As opposed to decadent bourgeois art, hypocritically hiding its reactionary class nature behind phrases such as ‘pure art’ and ‘art for art’s sake,’ Soviet artists openly espouse the ideas of Bolshevism expressing the advanced ideas of the Soviet people who at present represent the most advanced people of the world, for they have built up Socialism, the most advanced form of contemporary society. As opposed to decadent bourgeois art with its anti-humanism, Soviet artists present the art of socialist humanism, an art imbued with supreme love for man, with pride in the emancipated individual of the socialist land, with profound sympathy for that part of humanity living under the capitalist system, a system which cripples and degrades men. As opposed to decadent bourgeois ar t with its falseness, its rejection of a realistic, truthful reflection of life as it is, Soviet artists present the wholesome and integral art of socialist realism expressed in profound artistic images reflecting true life, showing the struggle between the old and the new and the inevitable triumph of the new and progressive, an art mobilizing Soviet people for further victories. As opposed to decadent bourgeois art, divorced from the people, hostile to the interests of the democratic masses, permeated with biological individualism and mysticism, reactionary and anti-popular, Soviet artists present an art created for the people’ inspired by the thoughts, feelings and achievements of the people, and which in its turn enriches the people with its lofty ideas and noble images.
Young Soviet art has already created works of world-wide significance. Soviet artists are inspired by great tasks and purposes. Soviet art is advancing along the true path indicated by the genius of Stalin.
Among the many burdens which the young Soviet republic inherited a quarter of a century ago from old landlord-bourgeois Russia, was the decadent, formalistic art of that time. All those ‘original’ tricks which the formalists of Europe and America take such pride in, were ousted by Soviet artists long ago as ridiculous anachronisms.

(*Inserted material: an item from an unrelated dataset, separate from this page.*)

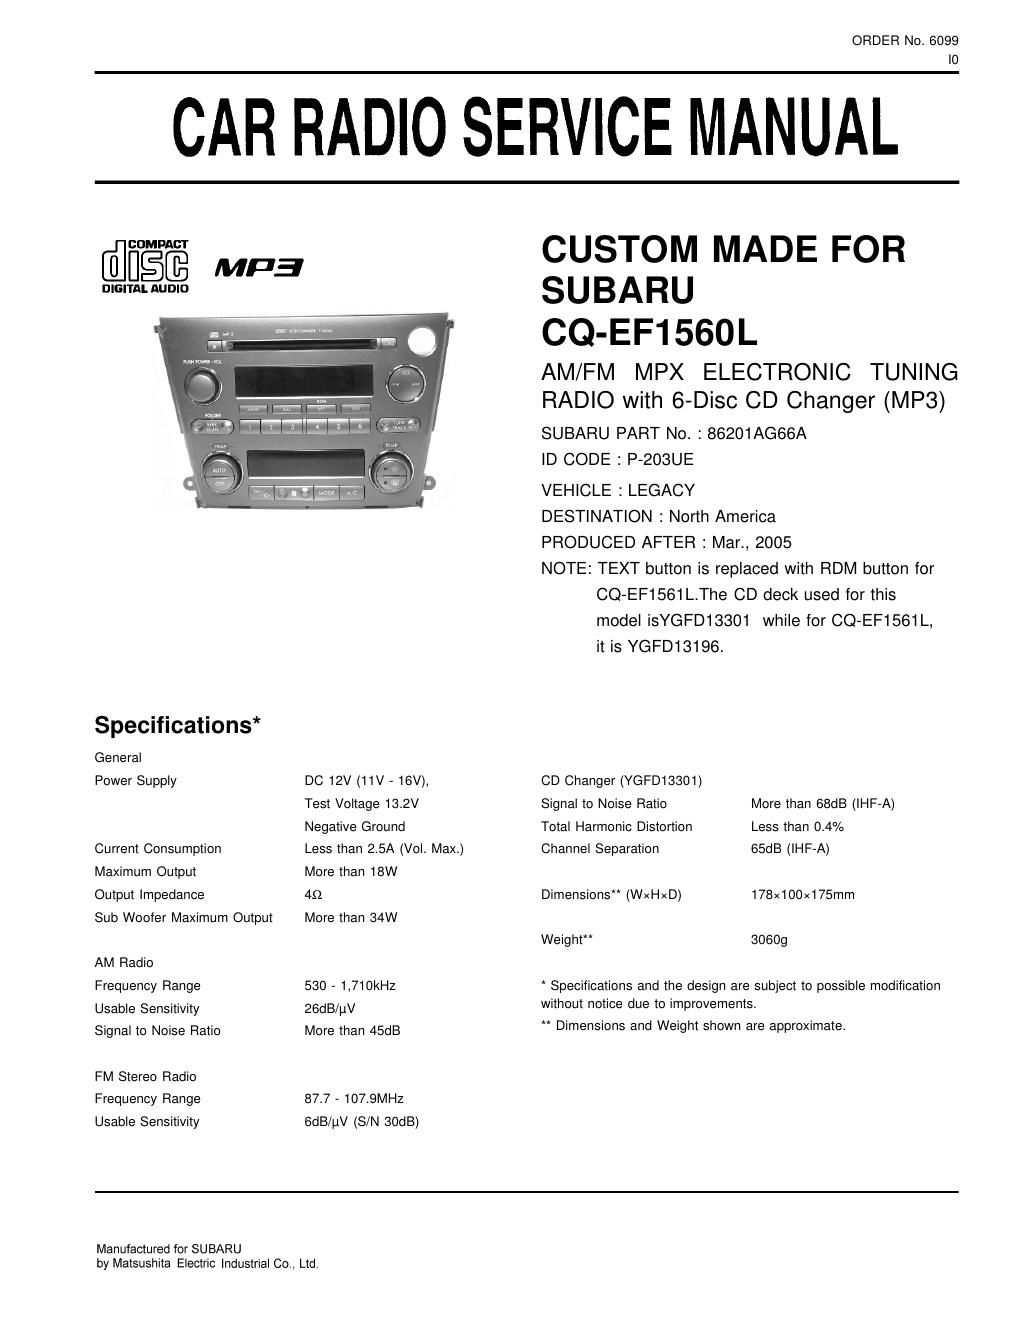 panasonic cq ef 1560 l service manual

The road travelled by Soviet art in overcoming formalism is of inestimable importance to the art culture of the whole world. The experience accumulated by Soviet artists will time and again stand the artists of other countries in good stead when they begin to look for a way out of the impasse of formalism and to create a genuine people’s art. [. . .]
Originally published in the VOKS Bulletin by the USSR Society for Cultural Relations with Foreign Countries, Moscow, 1947.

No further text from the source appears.